Return the whole listing, line for line, without the pictures in it.

- **Recorded data**
◆ ◆ ◆ ◆

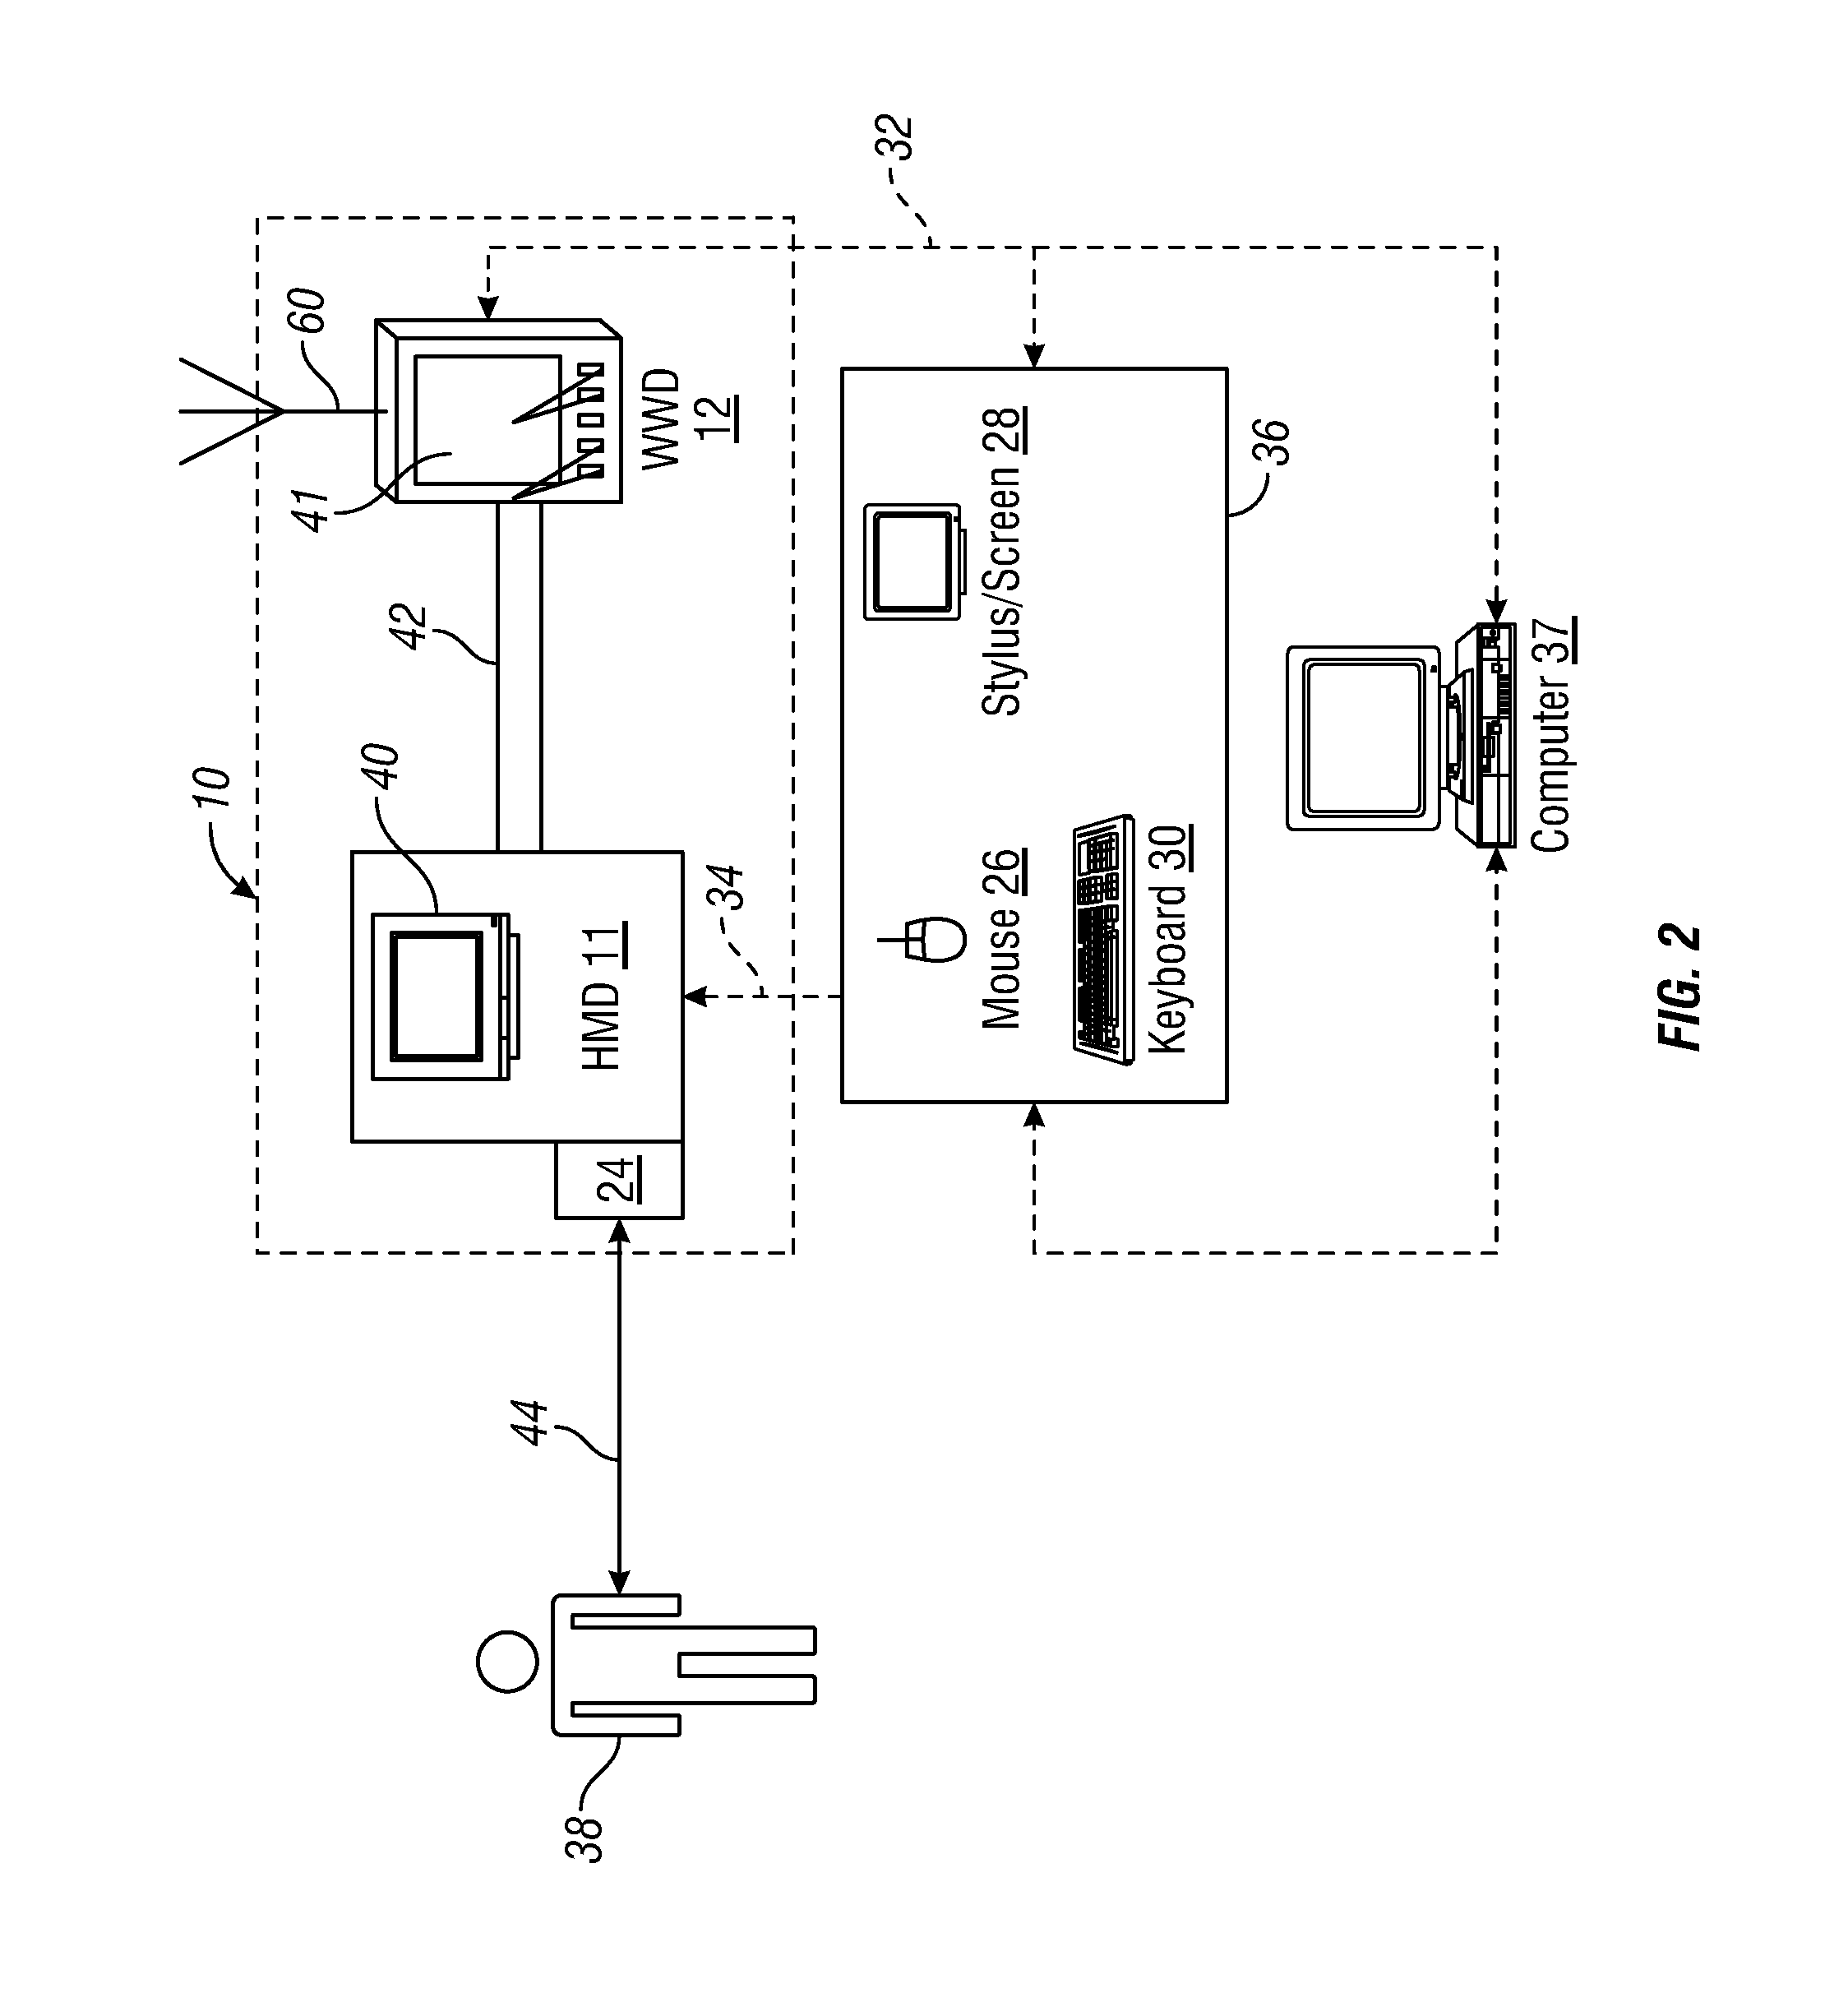 Method and apparatus for monitoring exercise with wireless internet connectivity
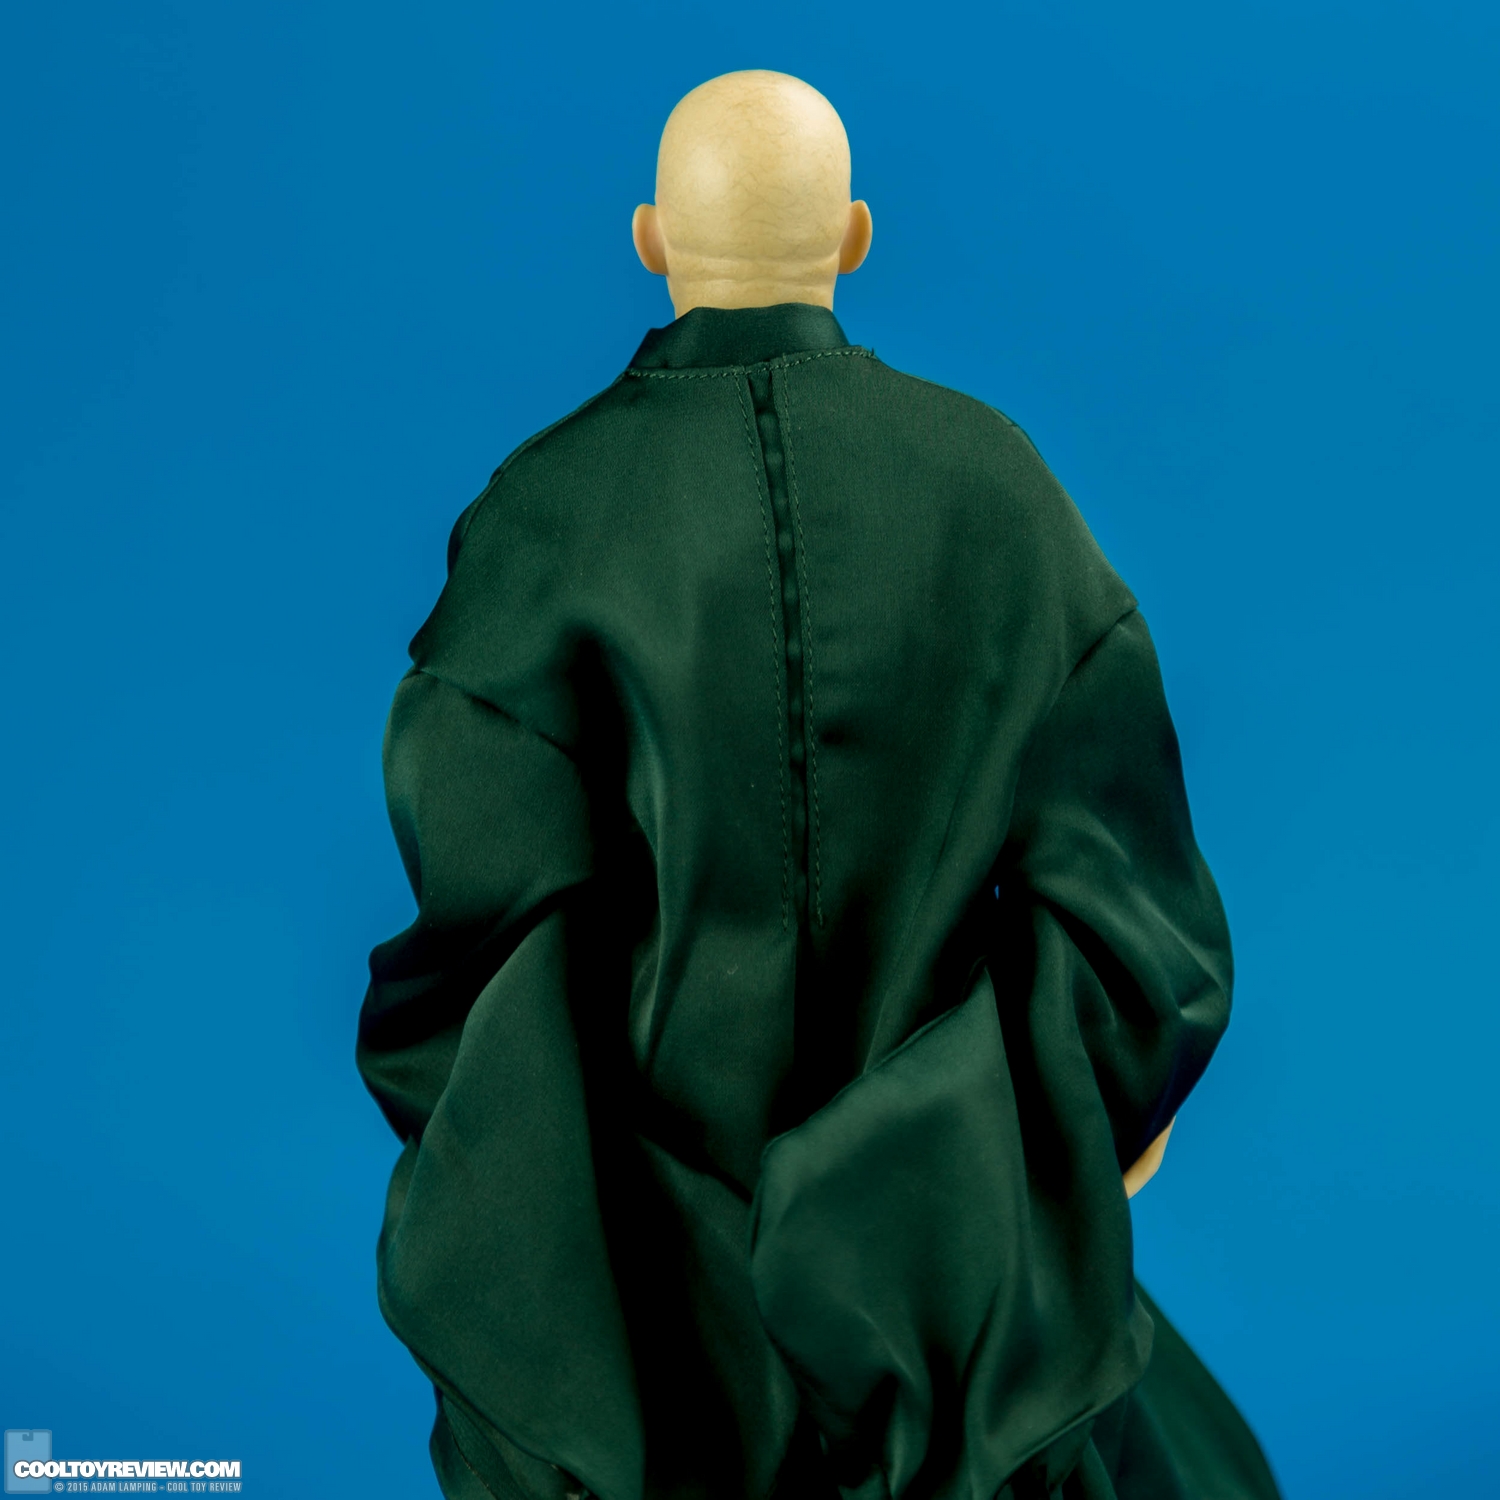 star-ace-toys-harry-potter-voldemort-sixth-scale-figure-009.jpg
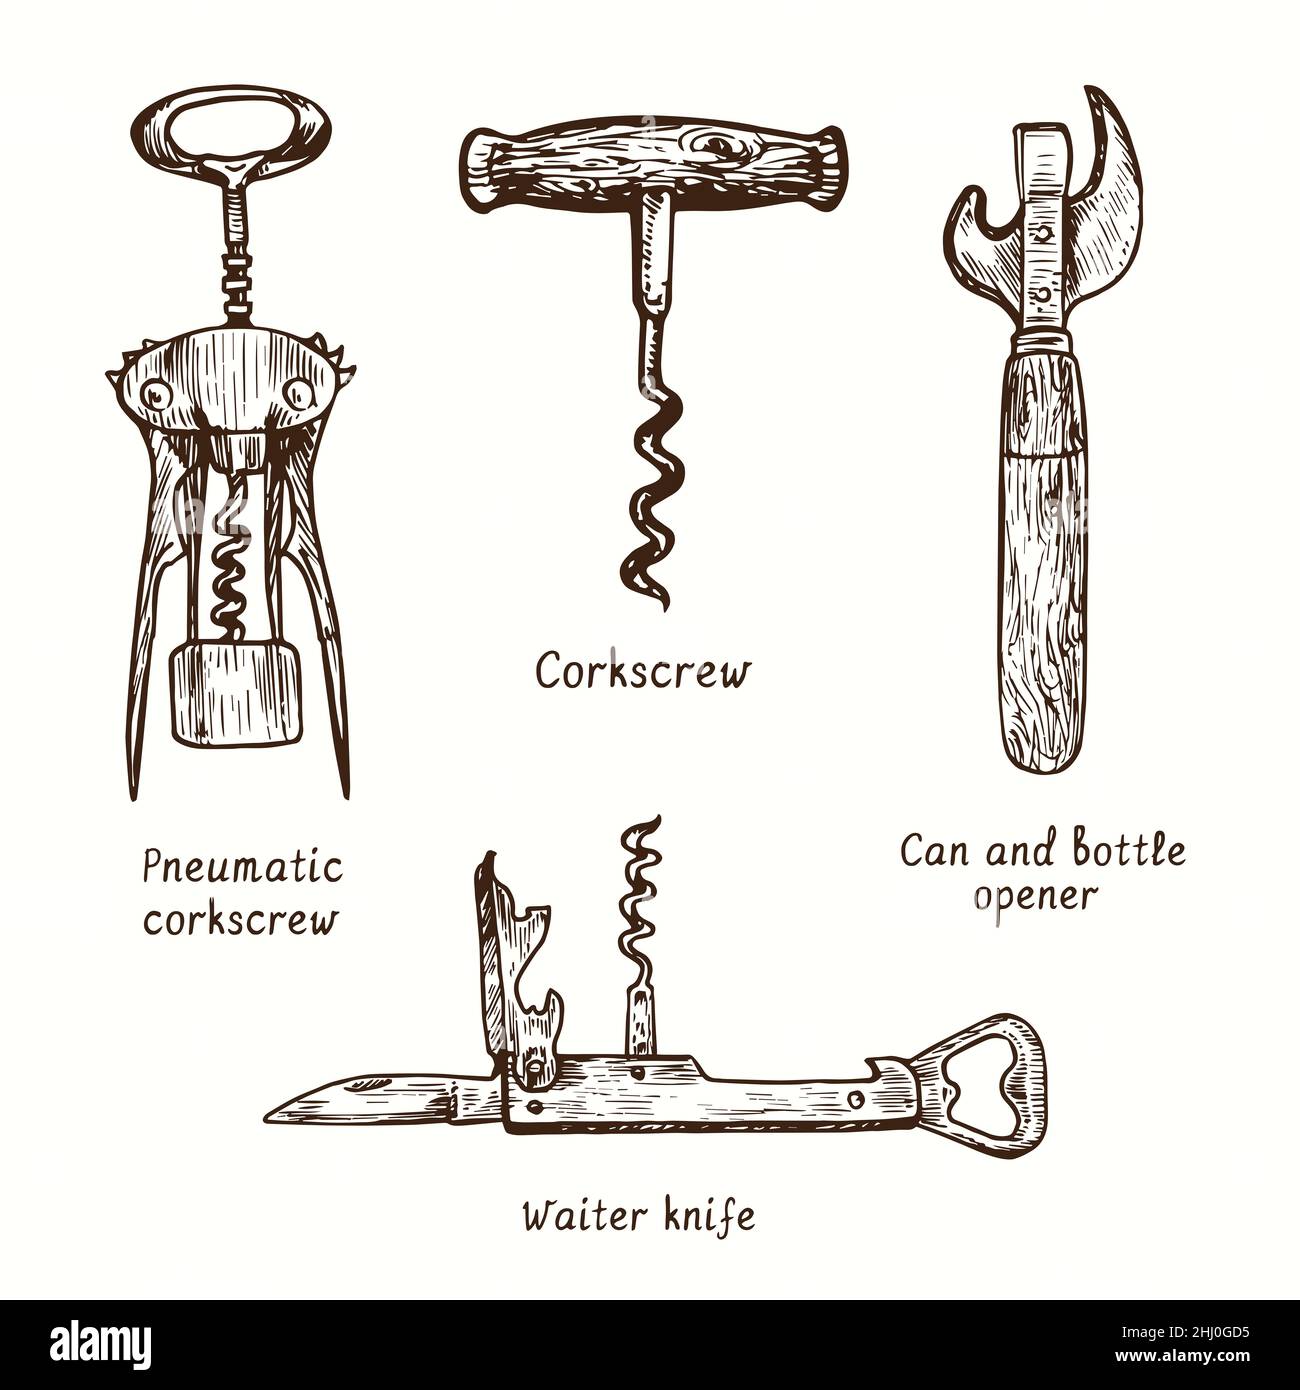 Pneumatic corkscrew, corkscrew, can and bottle opener and waiter knife. Ink black and white doodle drawing in woodcut style. Stock Photo

◆ ◆ ◆ ◆

- **Response below**
 Method and apparatus for monitoring exercise with wireless internet connectivity
 star-ace-toys-harry-potter-voldemort-sixth-scale-figure-009.jpg
 Pneumatic corkscrew, corkscrew, can and bottle opener and waiter knife. Ink black and white doodle drawing in woodcut style. Stock Photo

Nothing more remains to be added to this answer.